Thanks! That's all I asked for. I don't understand why Doug thought that
citing a section of CSS 2.1 was a way to correct my (mistakenly)
impression that tab stops weren't defined in HTML. And I agree about the
less-than-encouraging part! Frankly, tab stops set every n characters
are rarely of any particular use anyway. Any time you have columns of
varying lengths--especially if they can vary by more than the number of
spaces to which the tab stop is equivalent, tabs really give you little
in the way of column alignment.
 
D

Doug Miller

Ben said:
Doug Miller wrote:
Oh, I see. Apparently you think tab stops didn't exist prior to CSS 2.1.
<sigh/> I said in the first place that tab stops aren't defined in HTML,
so OBVIOUSLY THAT'S WHAT I THOUGHT. Then you responded by telling me
that they were defined IN CSS 2.1 which is, by all reason either (a) an
amplification, by which you were confirming that they weren't in HTML,
and it was CSS that provided them, or (b) a complete non sequitur.

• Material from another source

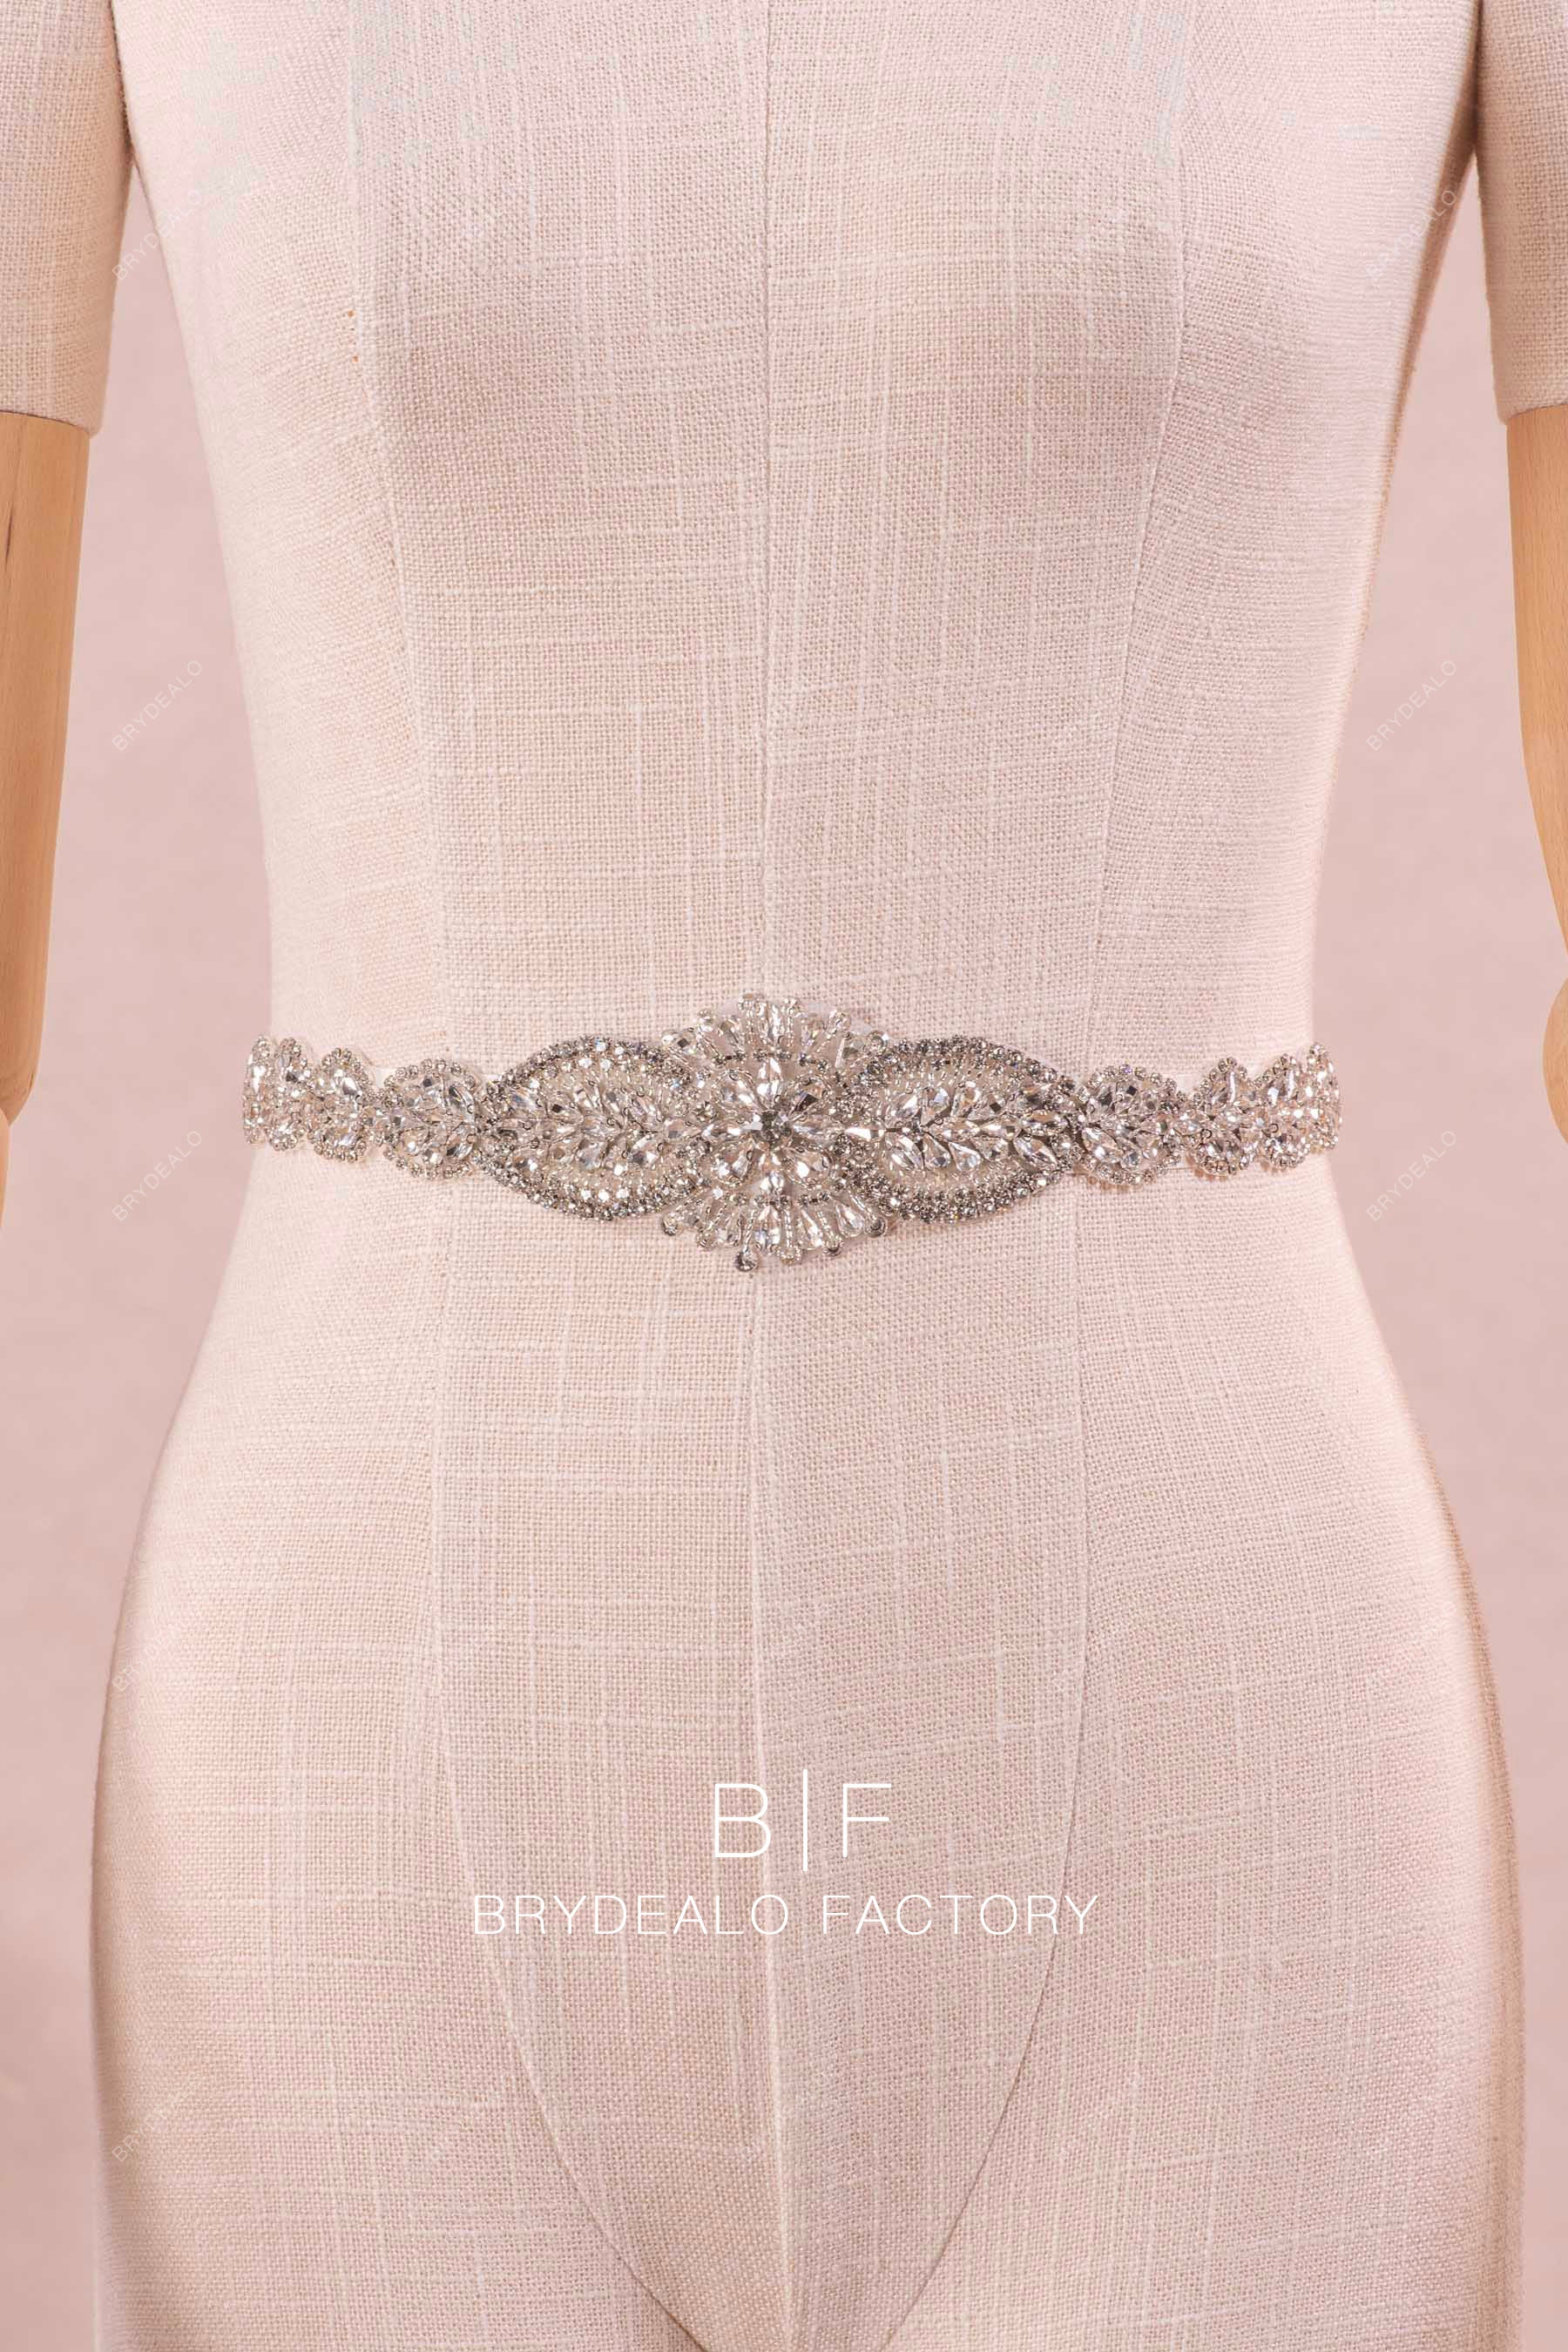 sparkling rhinestone wedding dress belt

If you wish to insist that they are provided by HTML, then why don't you
show us where in the *H*T*M*L* spec they are defined, instead of where
in the C*S*S spec they are defined? Unless they are defined in the HTML
spec, THEY ARE NOT PART OF HTML.

They do get a mention in the HTML spec, in the section about PRE:

The horizontal tab character (decimal 9 in [ISO10646] [p.353] and
[ISO88591] [p.354] ) is usually interpreted by visual user agents as
the smallest non-zero number of spaces necessary to line characters
up along tab stops that are every 8 characters. We strongly
discourage using horizontal tabs in preformatted text since it is
common practice, when editing, to set the tab-spacing to other
values, leading to misaligned documents.

But it's less encouraging for would-be tab users than what we find in
the CSS spec.

Thanks! That's all I asked for. I don't understand why Doug thought that
citing a section of CSS 2.1 was a way to correct my (mistakenly)
impression that tab stops weren't defined in HTML.

Ummmm.... go back and read that again. I am not the one who cited a section of
CSS 2.1. That was someone else.
 
D

Doug Miller

<sigh/> I said in the first place that tab stops aren't defined in HTML,
so OBVIOUSLY THAT'S WHAT I THOUGHT. Then you responded by telling me
that they were defined IN CSS 2.1

No, I didn't. Pay attention to the attributions.